While the text-to-video generator will be publicly available only later this year, Hollywood executives have already started a discourse around Sora's place in a high-end video production workflow. Does this mean a different type of generative AI experience can fully cater to the needs of specialists like cinematographers and visual artists?
If output quality is the only buy-in factor for tools like Sora, crucial angles of the user experience and industry requirements will be overlooked, lowering the chance of adoption. However, from a creative experience point of view, there's still room for improvement in current image-generation tools.
Where image generation tools fail creatives
Current AI image-generation tools go against the creative process in a few aspects, especially in visual fields.
Loss of experimentation in the creative process
We all know how it works: you give a prompt to a generative AI tool, hit enter, and then get the visuals. It's a pretty rough simplification, but most AI image generation tools work like this, whether it's video or static images. Yet, traditionally, the creative process consists of an entirely different approach. Creativity is a complex set of progressive decisions and connected little experiments, especially in the visual field.
A detailed description of a finished painting before starting is possible. However, it may not be a precise interpretation of the finished painting. As the artist, you come up with new ideas, experiment, and commit to them without repainting the canvas over and over again while creating the painting.

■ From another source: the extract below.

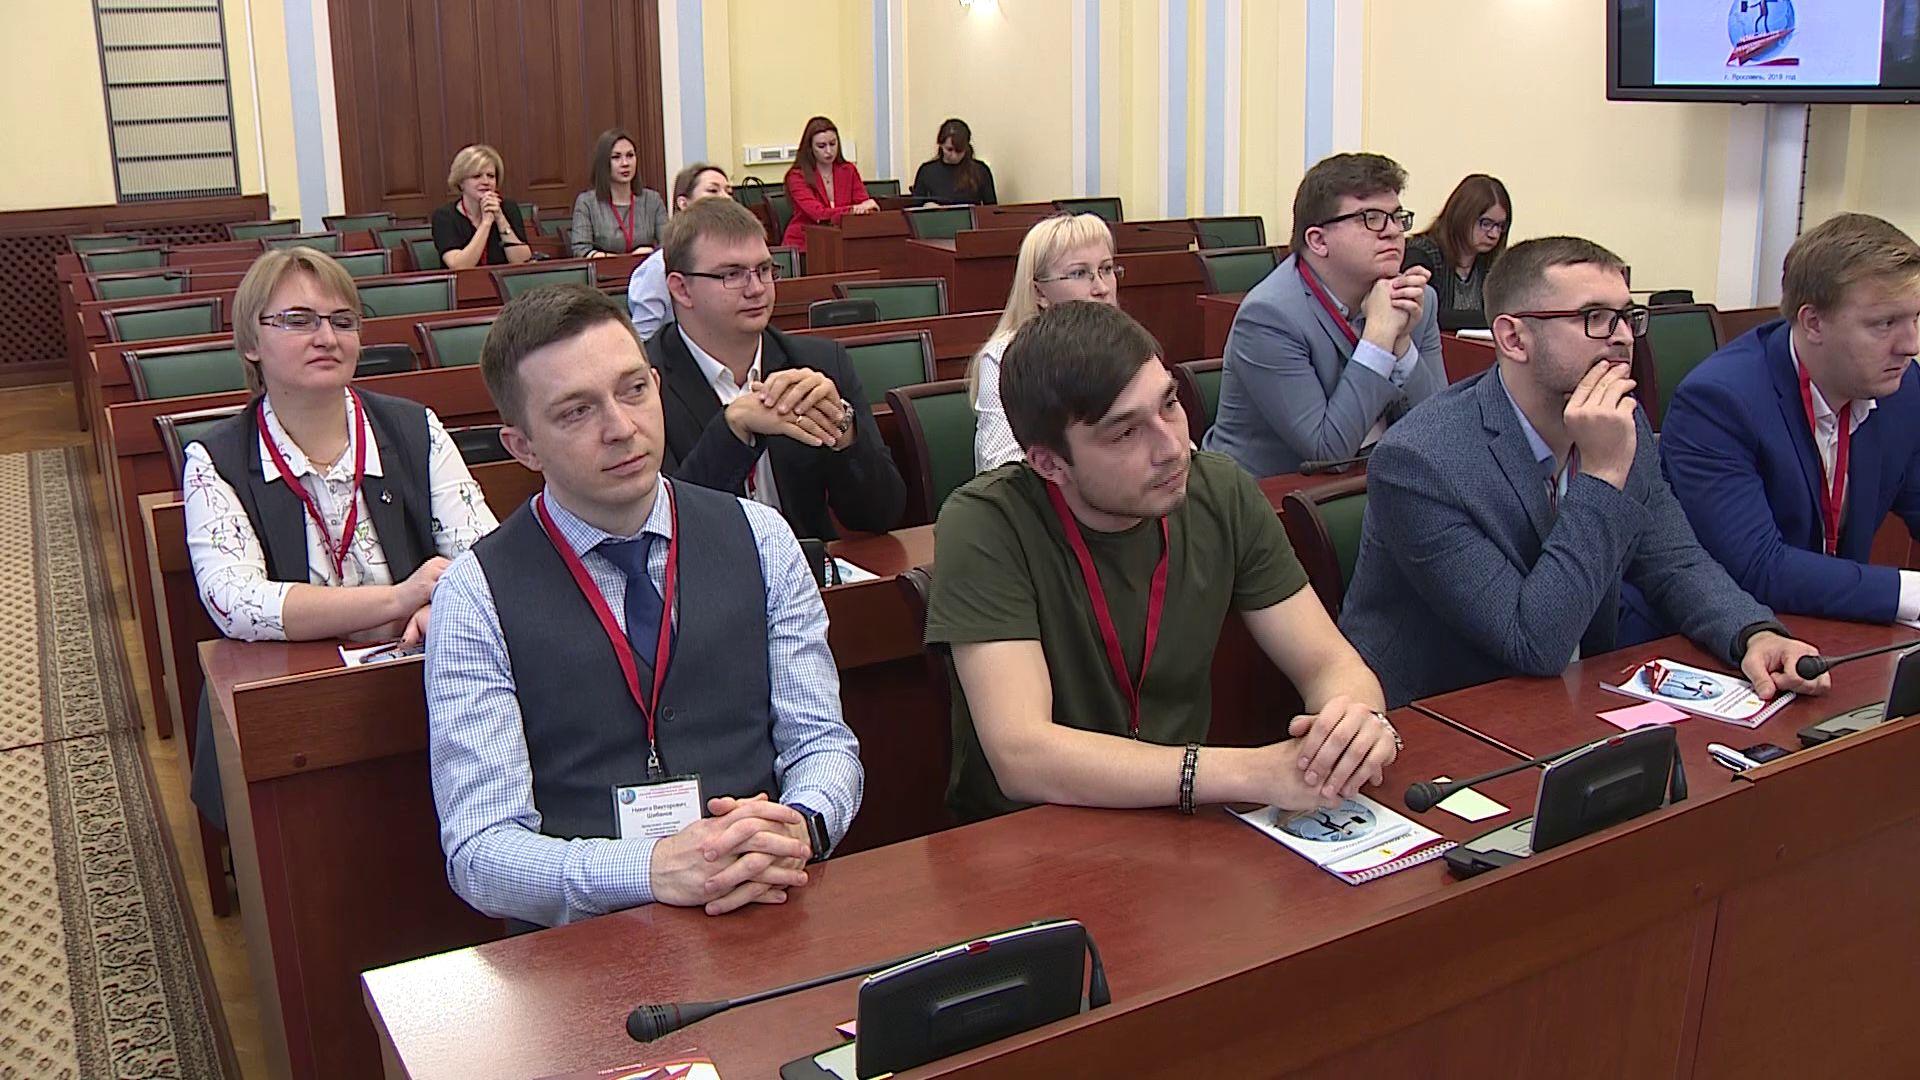 В Ярославле проходит региональный конкурс «Лучший государственный гражданский и муниципальный служащий»

Painting something from the ground up is both demanding and rewarding. However, I don't want to neglect the biggest selling factor of AI image generation tools: ease of use. This allows people to create (somewhat) new art without the skills, dedication, or time. If concerns and problems around generative AI are addressed and managed, AI image generation could become a powerful alternative to stock photography. This could benefit people without the right creative skills very soon.
Words versus visuals
Prompts are great if you can describe what you imagine in detail, and if the AI model is in line with your creative needs. Yet basing the entire image generation process only on text feels disconnected and unrealistic to someone deeply involved with creativity, especially when it comes to visuals. As a designer, it feels weird that my articulation barrier and semantic abilities are the key factors in building a very visual output.
I'm far from saying bulk prompts are bad. I think they are a great way to produce a baseline. Still, currently, prompting is the only way to express your creative vision. Making visual decisions from progressively more descriptive text inputs might result in a diverted experience. You may find yourself settling for sub-desired results frequently.
No control over what to keep visually
Hitting the generate button every time you need to make minor adjustments to your generated image is wasteful in every aspect. It accumulates server-side processing waste, introduces a lot of waiting time, and also (re)generates the entire image from the ground up.
This issue makes creatives feel even less in control. Regenerating visuals can mean compromising the preferred visual composition and concepts because of minor adjustments to the visual composition. I often had to trash a lot of unique AI art because of hallucinations or small inconsistencies that the current tool workflow couldn't correct.
The consecutive loops of incrementally improved prompts and image outputs can provide elements for professional use. However, production-ready art creation typically relies on traditional design tools like Photoshop.
AI's superpowers should go beyond image generation
The cake's baked when AI finishes generation: what you see is what you get. Without an extensive set of AI options to amplify professional needs when it comes to visual generation, your creative "collaboration" with AI stops as soon as you receive your generated materials.
In current image generation tools, a rendered AI image typically means very traditional editing of the entire scene, for example, cropping and basic color adjustments. It's basically the same experience as hitting the edit button on a photo on your phone, without any AI in this post-processing phase to help you.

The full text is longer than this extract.